THE PROBLEM — For this exercise, return exactly the lines of the material below that begin at the one with "Un felucca traditionnel" and stop after the one with "Black Friday bietet".

PROVIDED DATA —

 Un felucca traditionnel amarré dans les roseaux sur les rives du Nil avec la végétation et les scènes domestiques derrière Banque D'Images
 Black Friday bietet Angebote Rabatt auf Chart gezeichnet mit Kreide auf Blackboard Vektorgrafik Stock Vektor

...

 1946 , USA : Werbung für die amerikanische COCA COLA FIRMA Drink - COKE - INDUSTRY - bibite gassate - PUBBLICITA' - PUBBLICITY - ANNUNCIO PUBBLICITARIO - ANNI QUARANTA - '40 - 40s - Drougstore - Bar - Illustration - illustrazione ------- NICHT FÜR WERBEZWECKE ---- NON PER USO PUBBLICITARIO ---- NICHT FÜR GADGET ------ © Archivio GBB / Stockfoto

WRITTEN SOLUTION —
 Un felucca traditionnel amarré dans les roseaux sur les rives du Nil avec la végétation et les scènes domestiques derrière Banque D'Images
 Black Friday bietet Angebote Rabatt auf Chart gezeichnet mit Kreide auf Blackboard Vektorgrafik Stock Vektor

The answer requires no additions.